Táin Bó Flidhais, also known as the Mayo Táin, is a tale from the Ulster Cycle of early Irish literature. It is one of a group of works known as Táin Bó, or "cattle raid" stories, the best known of which is Táin Bó Cúailnge. Táin Bó Flidhais survives in two forms, a short version from the Old Irish period and a longer version found in the 15th century Glenmasan manuscript, which is held in the Advocates Library in Edinburgh.  It is believed to be a copy of an earlier manuscript from the 12th century.  The early version of Táin Bó Flidhais predates the Táin Bó Cúailnge. It is named for the heroine of the tale, Flidais.

Historical setting
At the time that these legendary tales relate to (the second half of the Iron Age (approximately AD 50–500) and early Medieval Ireland (approximately 500–800), Ireland was a country divided up into hundreds if not thousands of territories known as tuatha. This tale is likely to relate to incidents around 100 AD before the arrival of people bringing Christian teachings with them. Each tuath had at its head a king. Some kings were higher ranking than others and some, like Medb were the head of an entire province such as Connacht. There was constant battling amongst the kings over territorial boundaries and, as is demonstrated in this story, when one "king triumphed over another, he cut off his victim's head to parade it as a prestigious trophy, proving that he was no longer alive. Terrible things were done to the conquered king's remains by the victorious king. Brehon Laws were the order of the day and armies consisted of both men and women who fought side by side.

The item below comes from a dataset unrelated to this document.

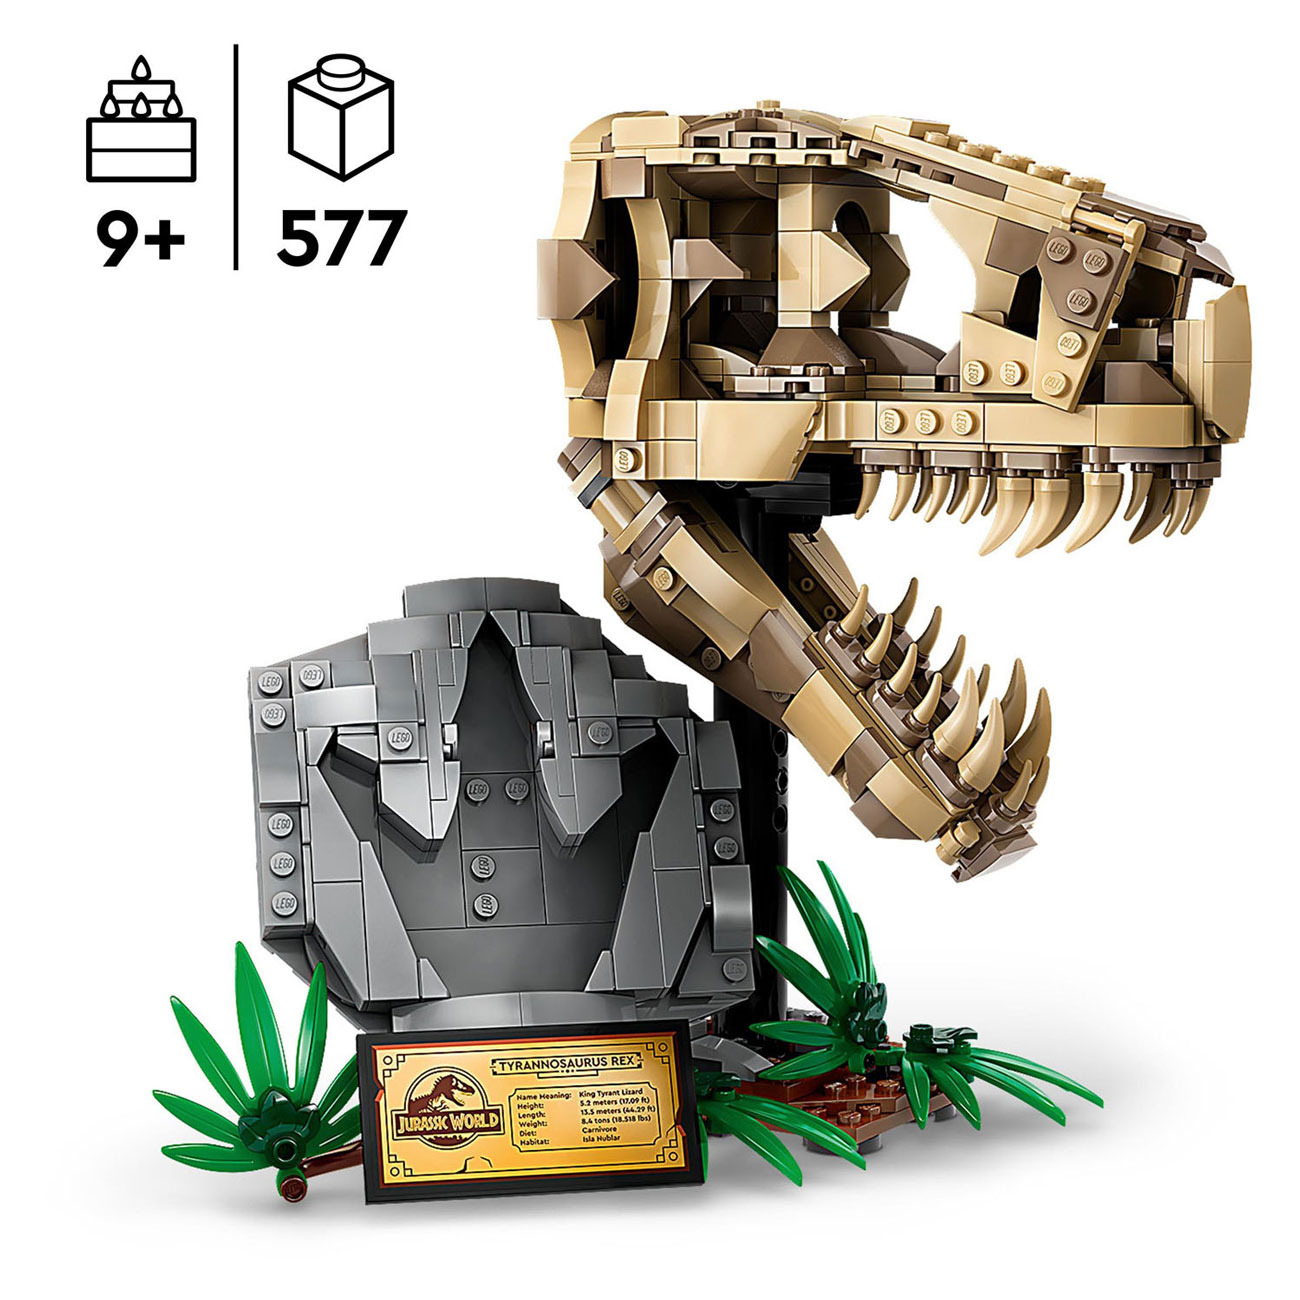 LEGO Jurassic World 76964 Dinosaurierfossilien: T-Rex-Schädel

At the same time in Ireland, small churches were being built, some being the provenance of just a single monk (usually nowadays referred to as "saints"). The townlands where small religious communities existed are often now known by the name of the 'saint' who founded them – e.g.: Cill Ghallagáin (Church of St. Galligan) or Cill Chomáin.  Some of these small churches grew into religious communities of monks which got larger and more prosperous; others remained small and fairly insignificant. This period was the Golden Age of making illuminated manuscripts and craftworking of relics with gold and silver filigree in the monasteries. Some items, like the Cross of Cong or the Ardagh Chalice can be seen in Irish museums today.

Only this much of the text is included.